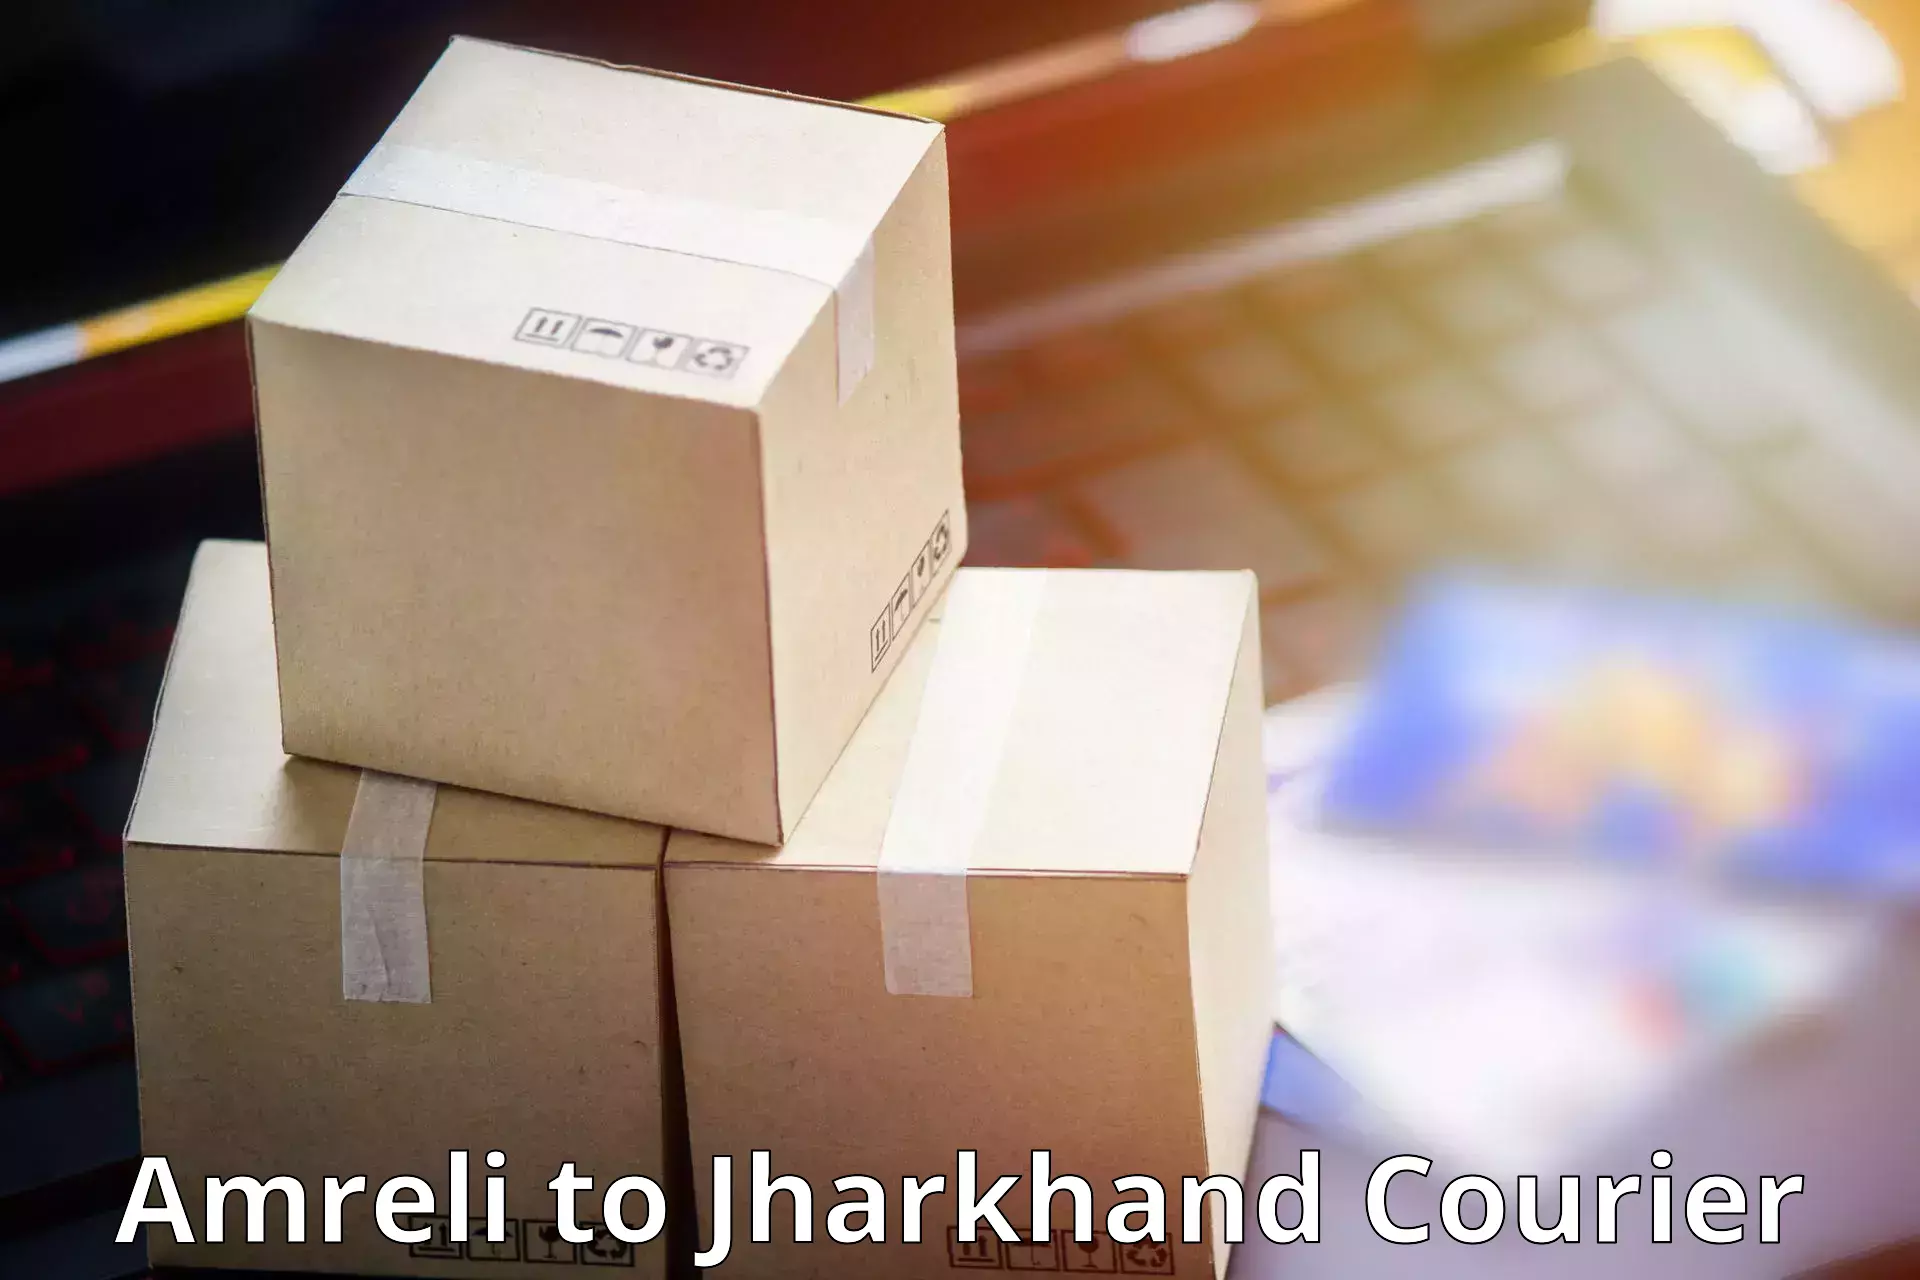 Global courier networks Amreli to Chakradharpur
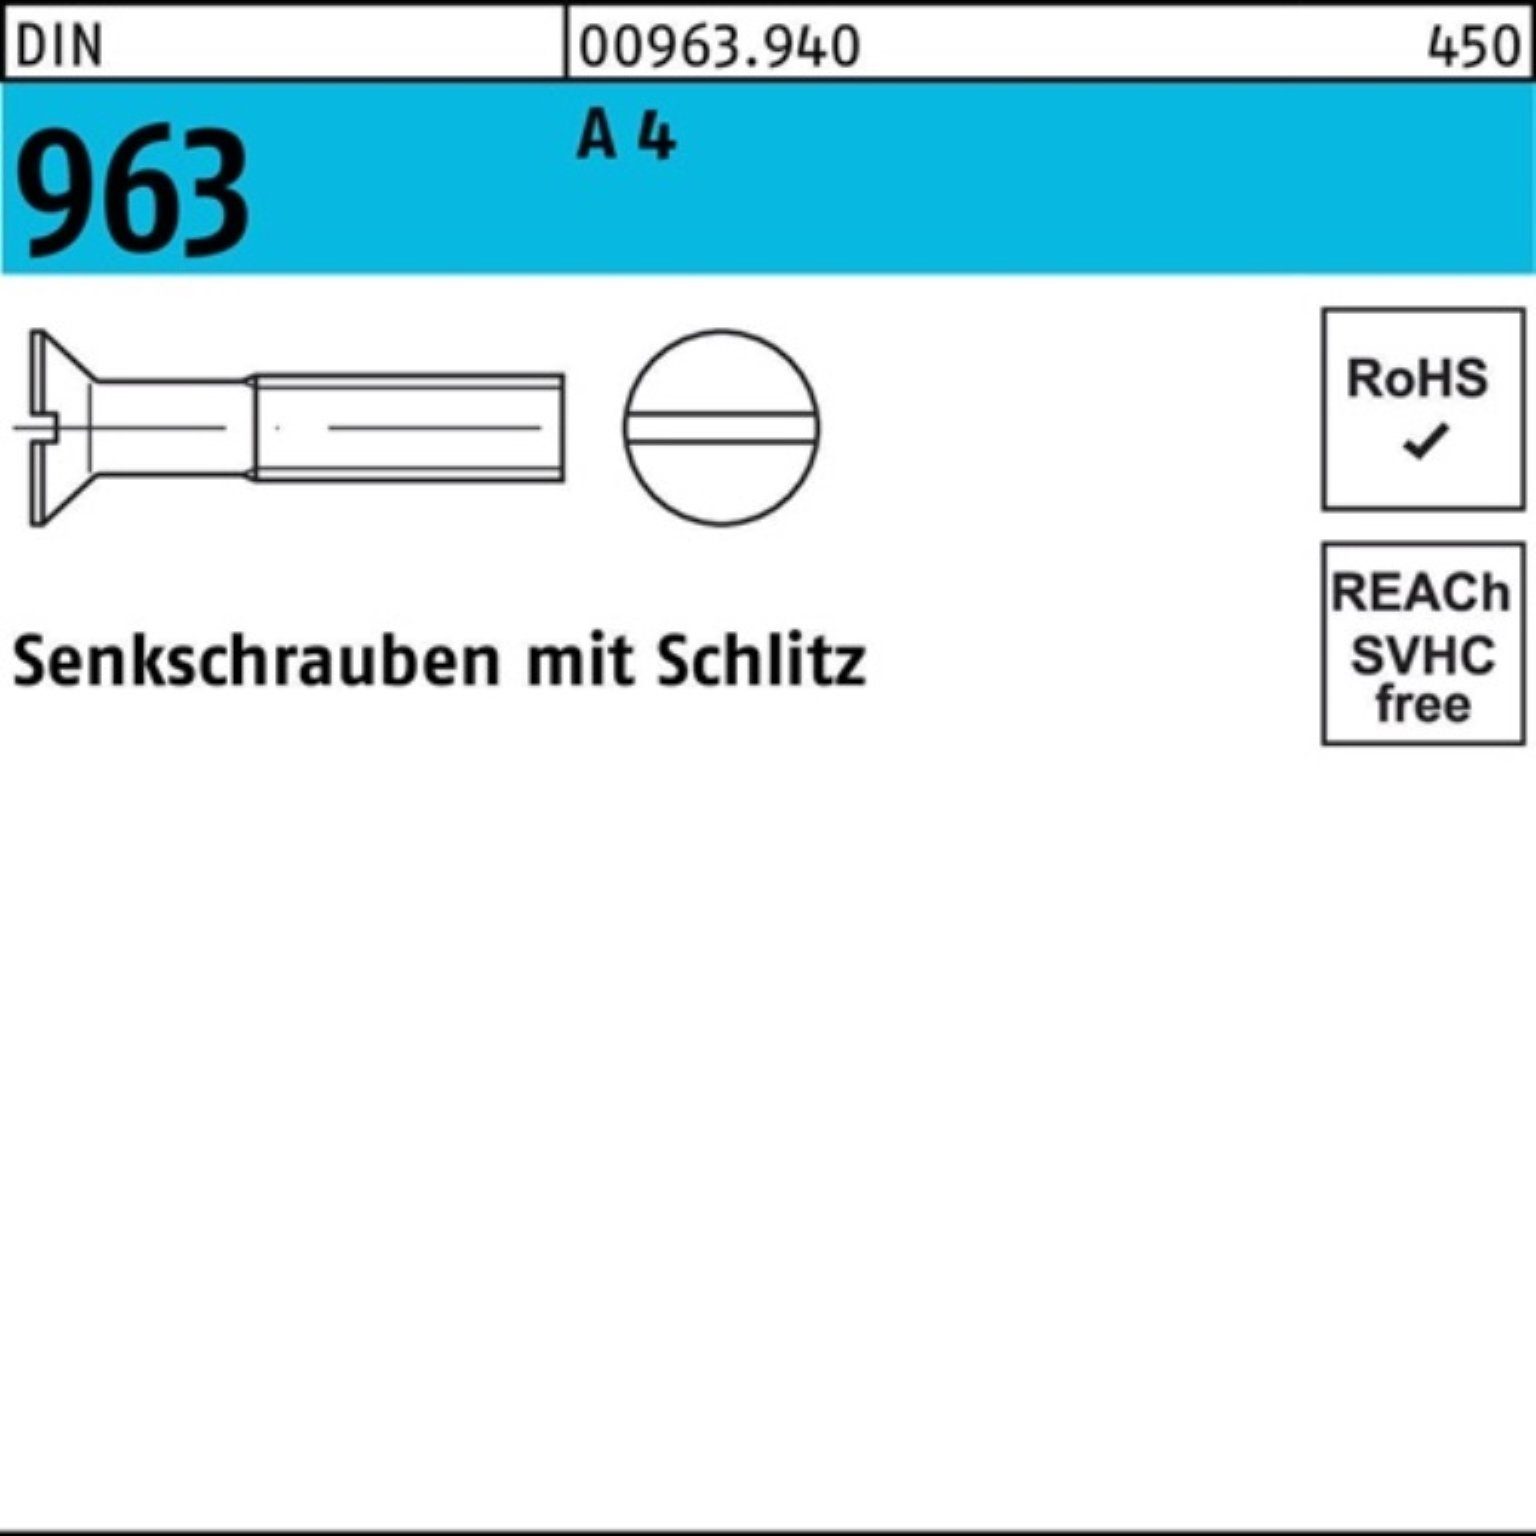 Reyher Senkschraube 1000 96 20 963 DIN A 4 Senkschraube DIN 1000er Stück Pack Schlitz M3x
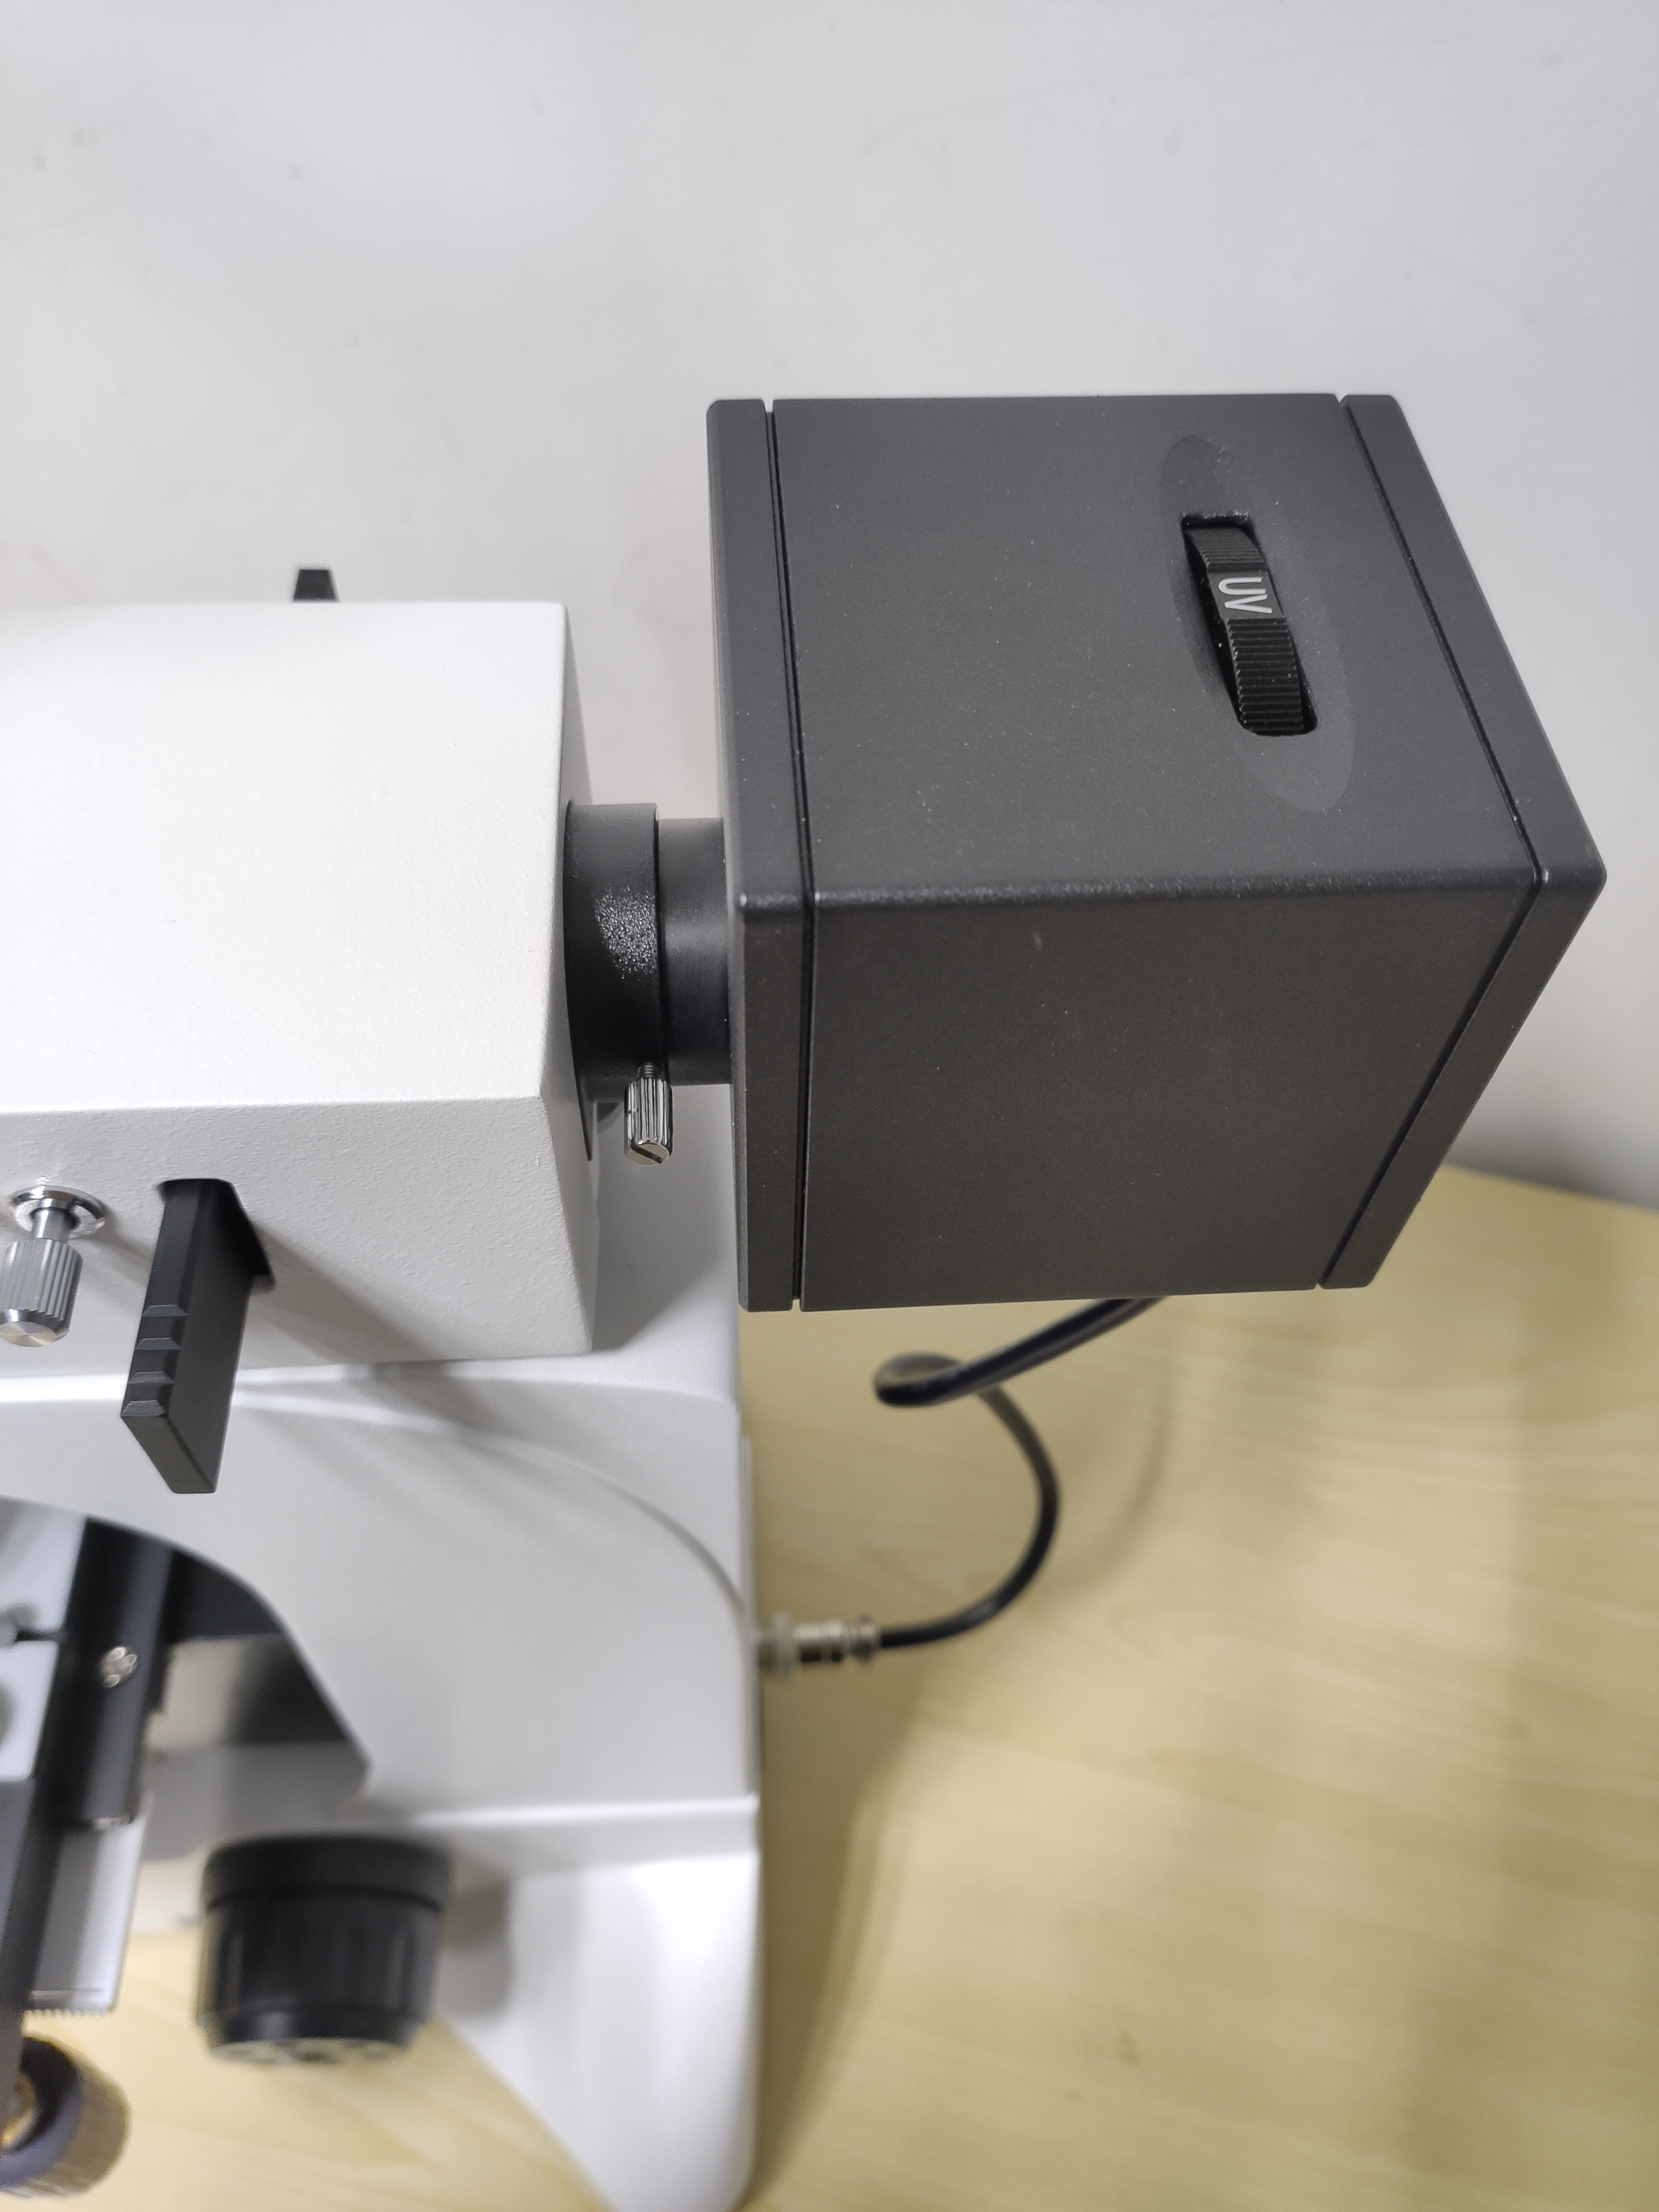 正置荧光显微镜LED荧光激发显微分析系统DFM-66C

YOUR OBJECTIVE:
Please print the line that contains "Reyher Senkschraube 1000" along with every later line of the material, exactly, through the last one. Leave pictures out of the copy.

RESPONSE BOX:
 Reyher Senkschraube 1000 96 20 963 DIN A 4 Senkschraube DIN 1000er Stück Pack Schlitz M3x
 正置荧光显微镜LED荧光激发显微分析系统DFM-66C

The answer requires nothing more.